Recordando... Natália Correia

ODE À PAZ

 

Pela verdade, pelo riso, pela luz, pela beleza,

Pelas aves que voam no olhar de uma criança,

Pela limpeza do vento, pelos actos de pureza,

Pela alegria, pelo vinho, pela música, pela dança,

Pela branda melodia do rumor dos regatos,

 

Pelo fulgor do estio, pelo azul do claro dia,

Pelas flores que esmaltam os campos, pelo sossego dos pastos,

Pela exactidão das rosas, pela Sabedoria,

Pelas pérolas que gotejam dos olhos dos amantes,

Pelos prodígios que são verdadeiros nos sonhos,

Pelo amor, pela liberdade, pelas coisas radiantes,

Pelos aromas maduros de suaves outonos,

Pela futura manhã dos grandes transparentes,

Pelas entranhas maternas e fecundas da terra,

Pelas lágrimas das mães a quem nuvens sangrentas

Arrebatam os filhos para a torpeza da guerra,

Eu te conjuro ó paz, eu te invoco ó benigna,

Ó Santa, ó talismã contra a indústria feroz.

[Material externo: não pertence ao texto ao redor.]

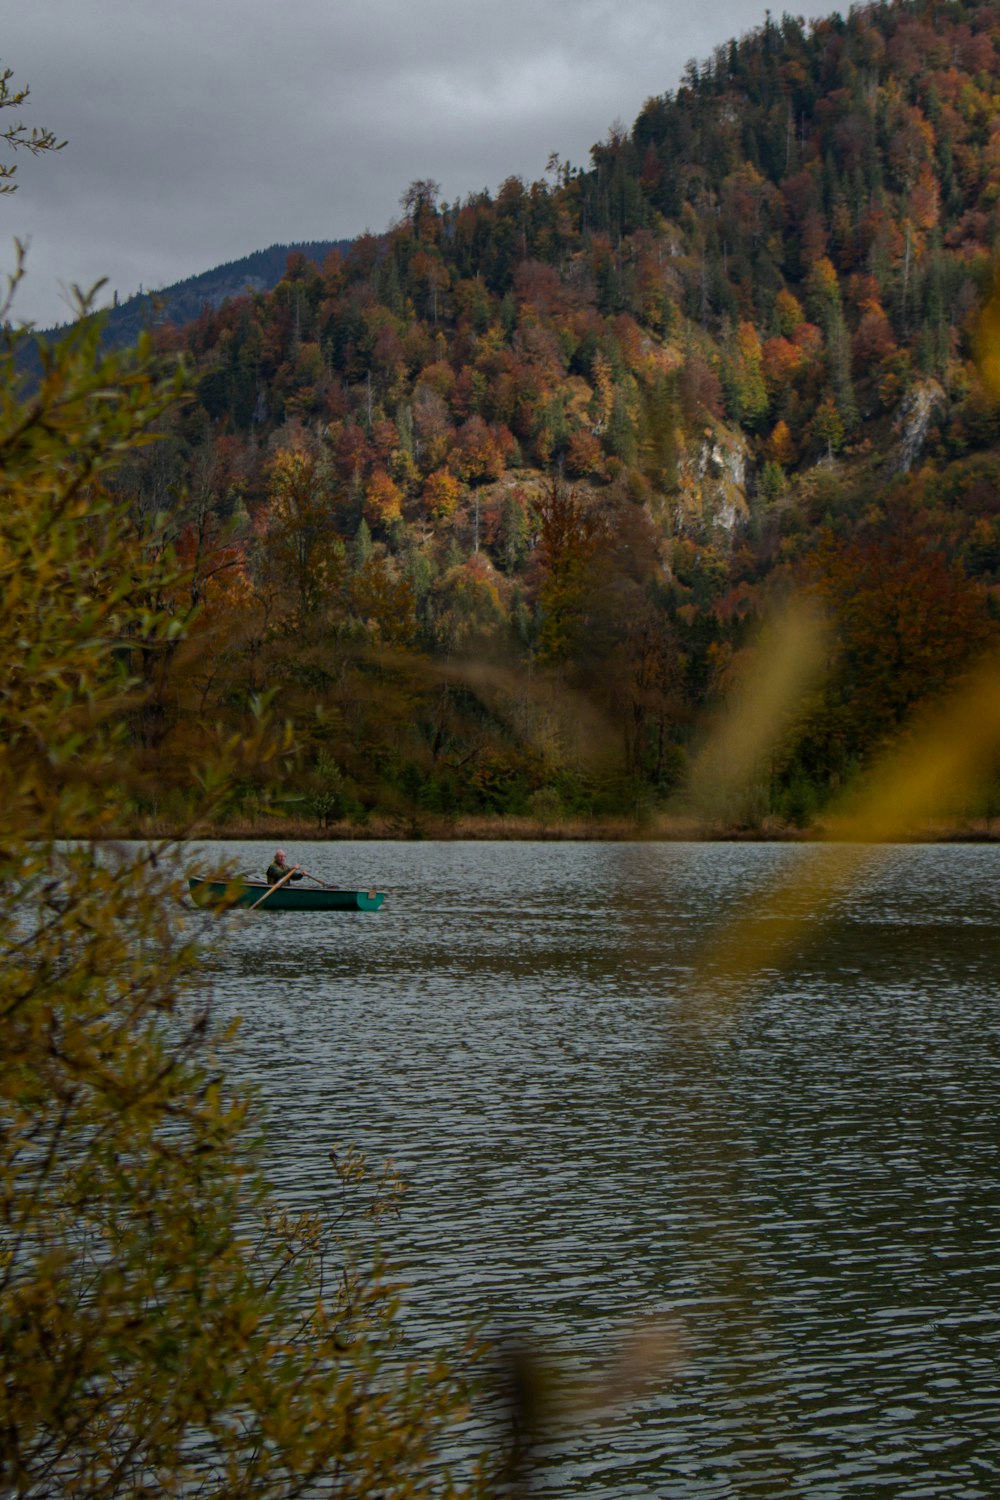 Una persona in un kayak in un lago circondato da alberi

Com tuas mãos que abatem as bandeiras da ira,

Com o teu esconjuro da bomba e do algoz,

Abre as portas da História, deixa passar a Vida!

 

[Inéditos - (1985/1990)]

 

In “O Sol nas Noites e o Luar nos Dias”

Poesia Completa

Publicações Dom Quixote

 

Natália Correia

(1923-1993)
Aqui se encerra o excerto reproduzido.